Born in Harlem, New York (1960-2024)

Faith Ringgold

Window of the Wedding #3: Woman (left); Window of the Wedding #4: Man (right), 1974

Acrylic on canvas, with pieced-fabric border
© 2022 Faith Ringgold/Artists Rights Society (ARS), New York; courtesy ACA Galleries, New York. Photo by Dario Lasagni.

Faith Ringgold was an artist, activist, teacher, and children’s book author, perhaps best known for her story quilts, which combine narratives drawn from her own experiences as a Black woman with politics and social history to “tell my story, or, more to the point, my side of the story.” In 1972 Ringgold encountered a gallery of fifteenth-century Tibetan and Nepalese thangka paintings while visiting the Rijksmuseum in Amsterdam. Offering a solution to her ongoing difficulties with storing and transporting large canvases, the thangka format was lightweight and infinitely mobile. Ringgold’s Window of the Wedding thangka series is characterized by vivid abstract patterning inspired by Kuba textiles.

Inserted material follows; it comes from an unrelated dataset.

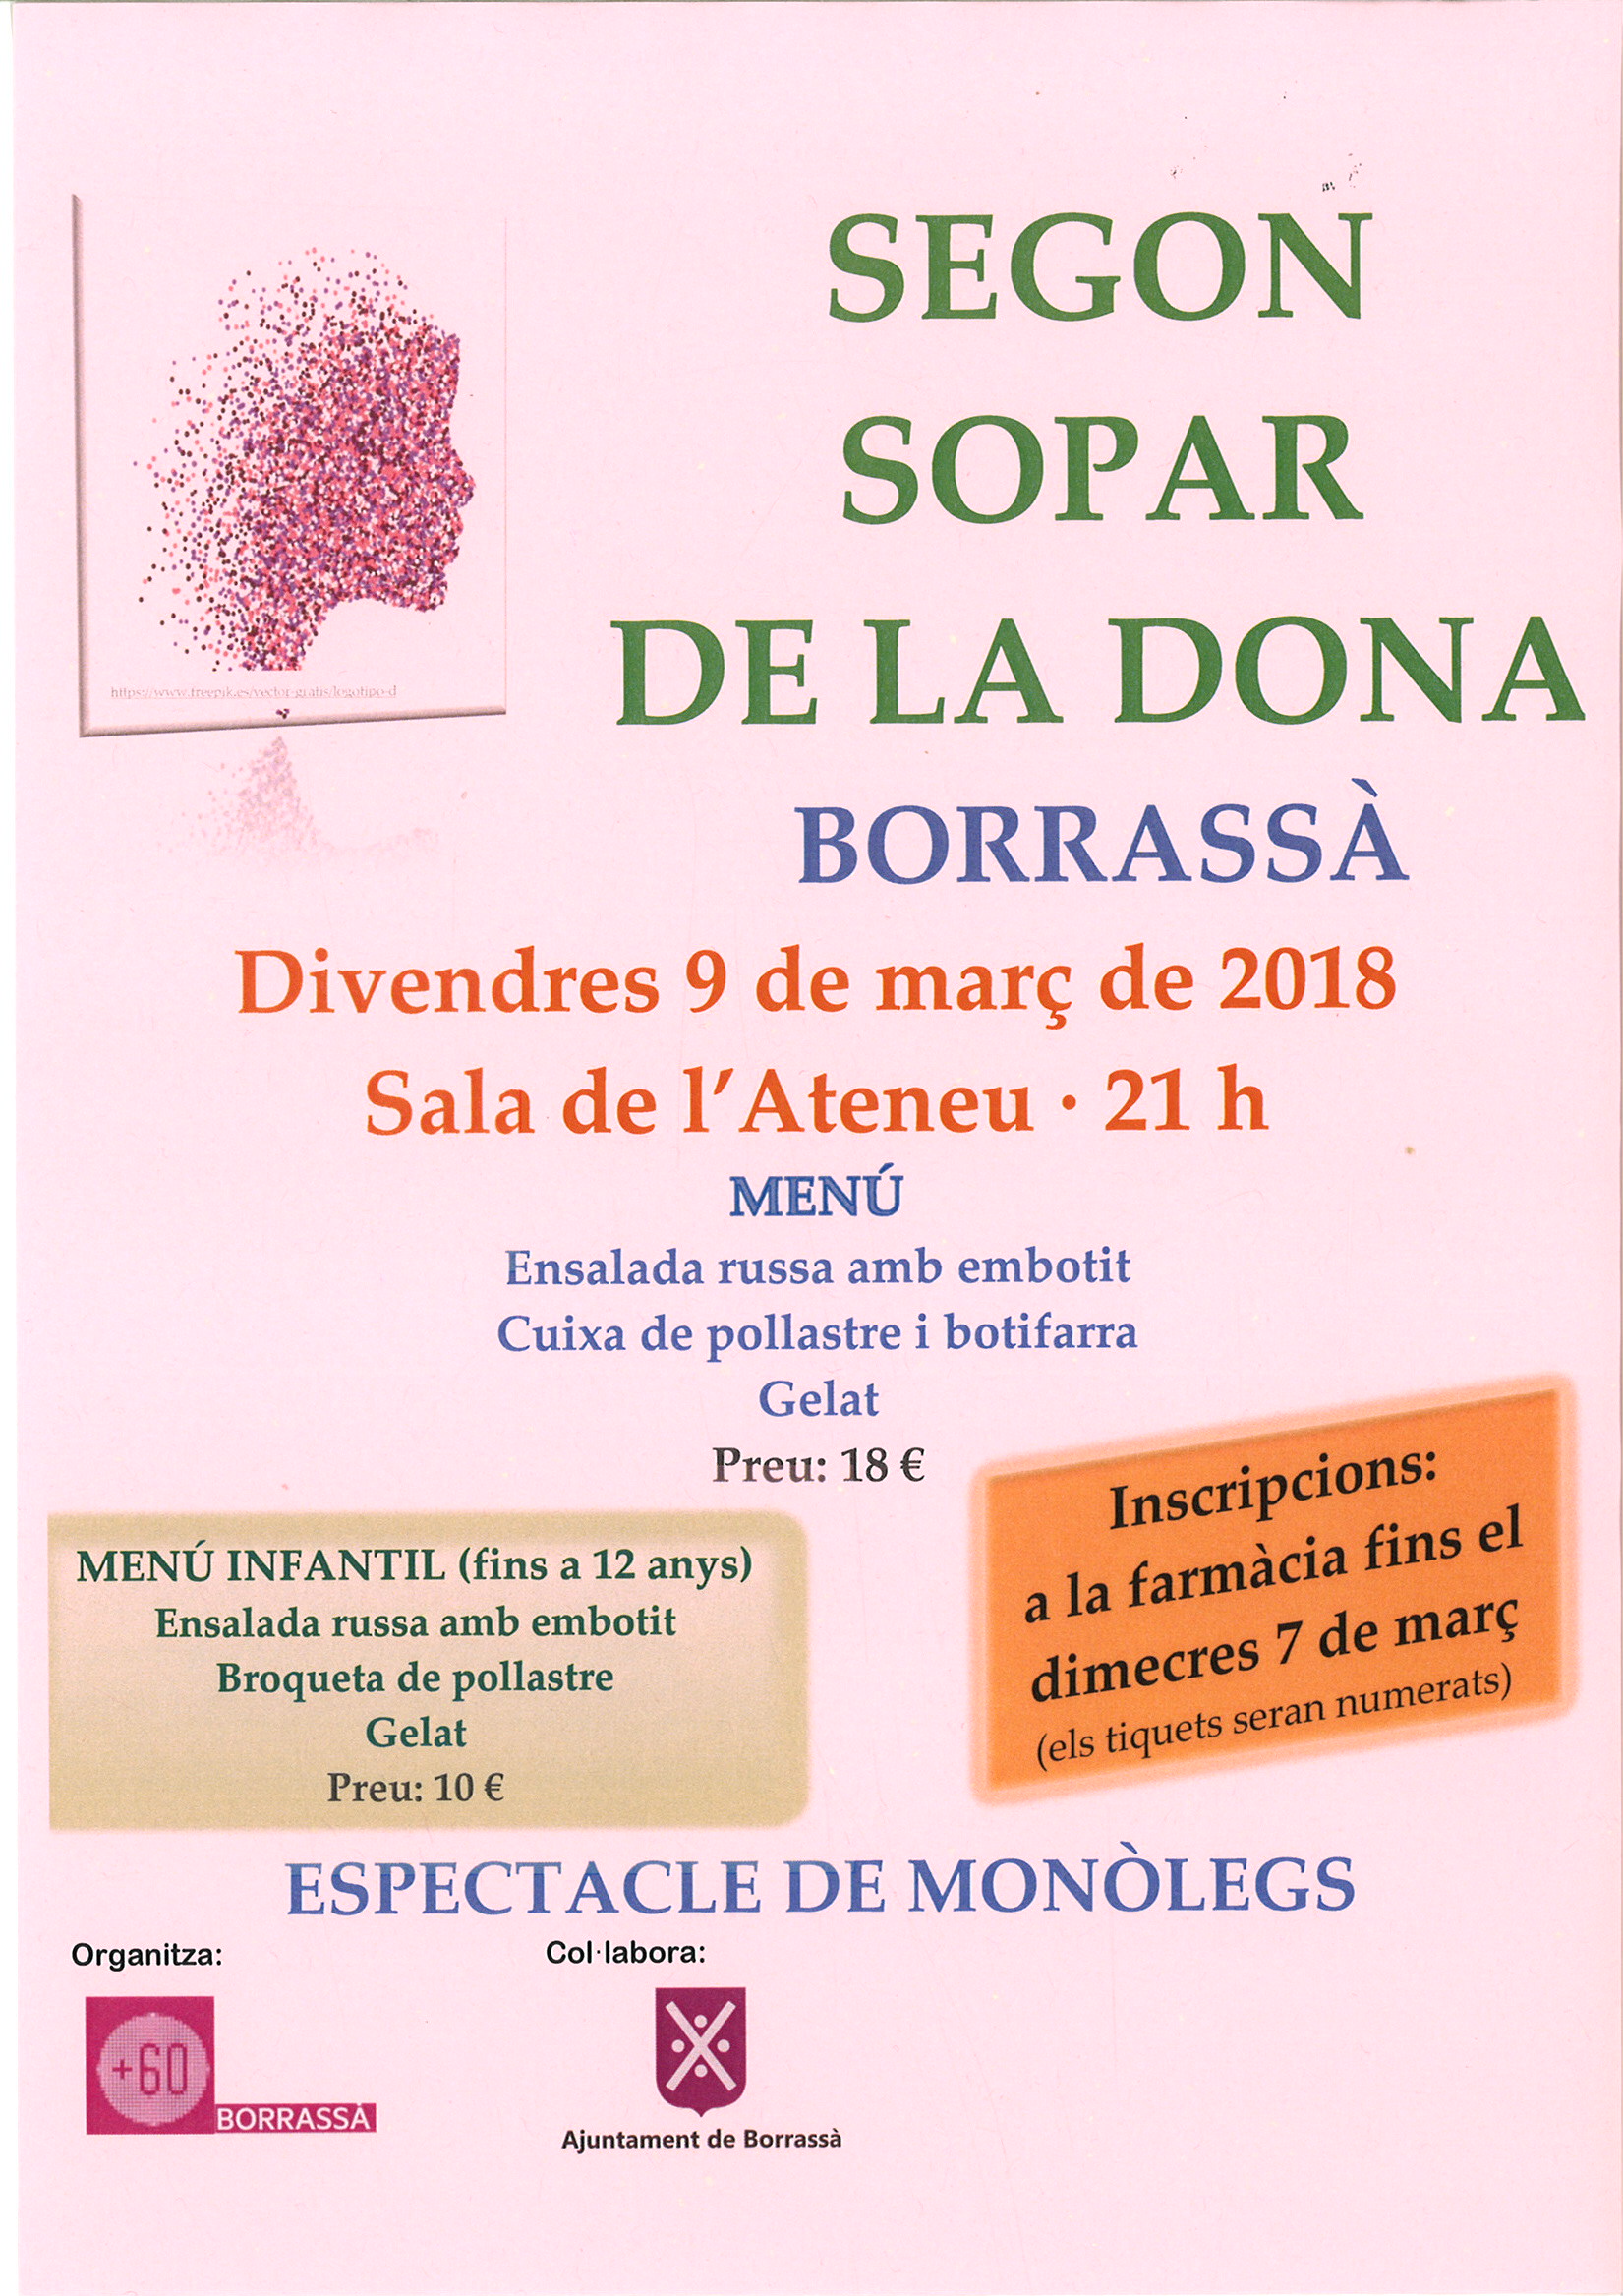 Noranta persones s'han apuntat al Segon Sopar de la dona de Borrassà, organitzat pel col·lectiu + 60 del poble, i que es farà aquest divendres, 9 de març.
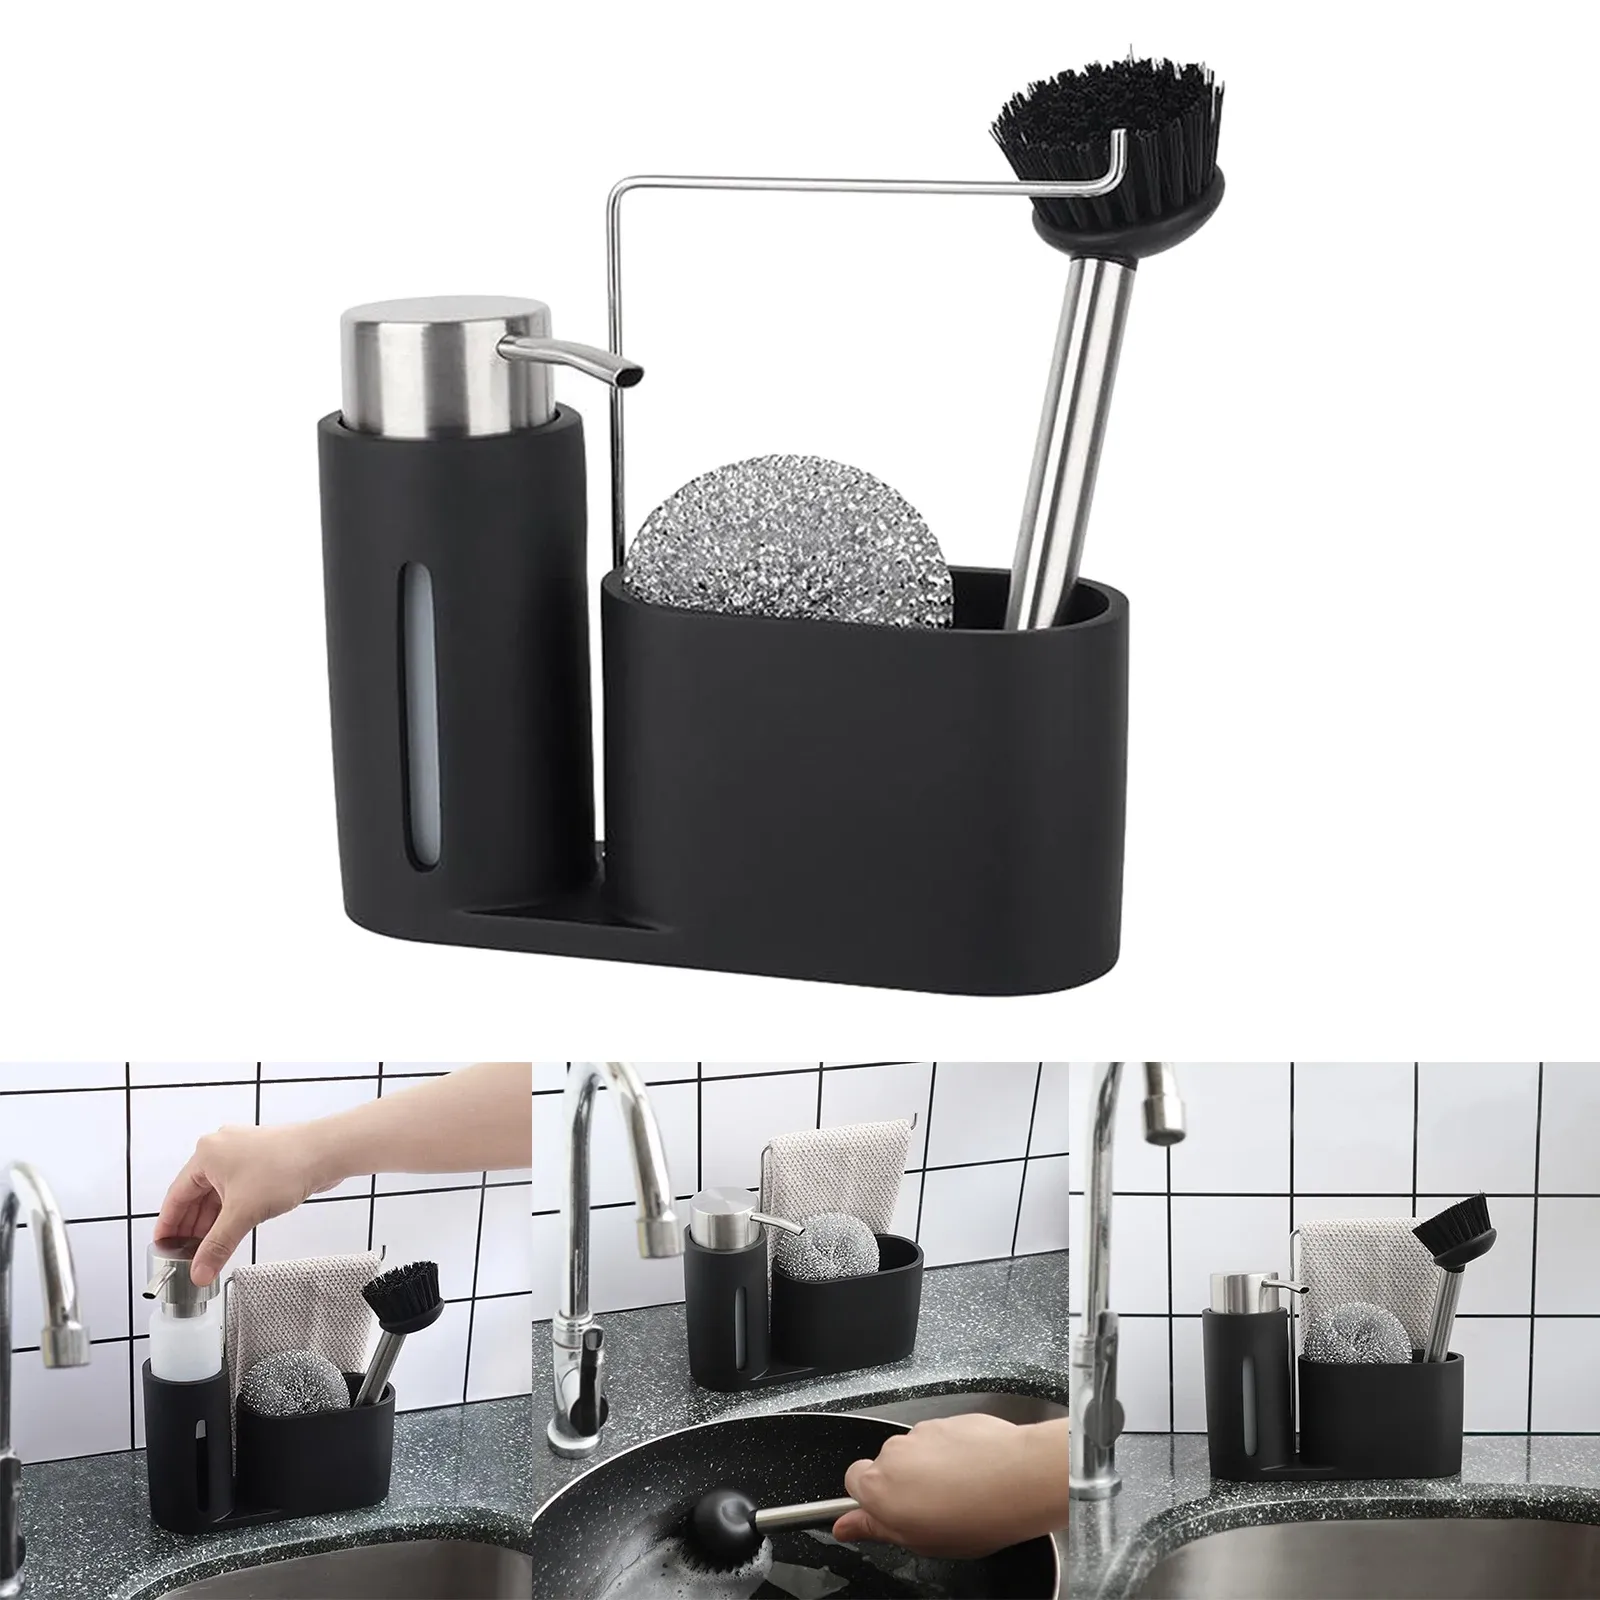 Dispensers Premium Kitchen Cleaning Kit Soap Dispenser Detergent Steel Ball Brush Storage Organizer Holder Caddy Set For Sink Badrum

With titles that refer to “small talk,” “patience and responsibility,” and “family”—alongside “man” and “woman”—the works in this series imagine the foundational components of a marriage. They were also used as backdrops for soft sculptures depicting couples that Ringgold made around the same time

Faith Ringgold sits before her quilt Tar Beach in 1993. Photo by Kathy Willens

“My ancestry is the history of me, and I’m very interested in that. I always come from the perspective of being a Black woman in America— that’s my story, at all times of my life.”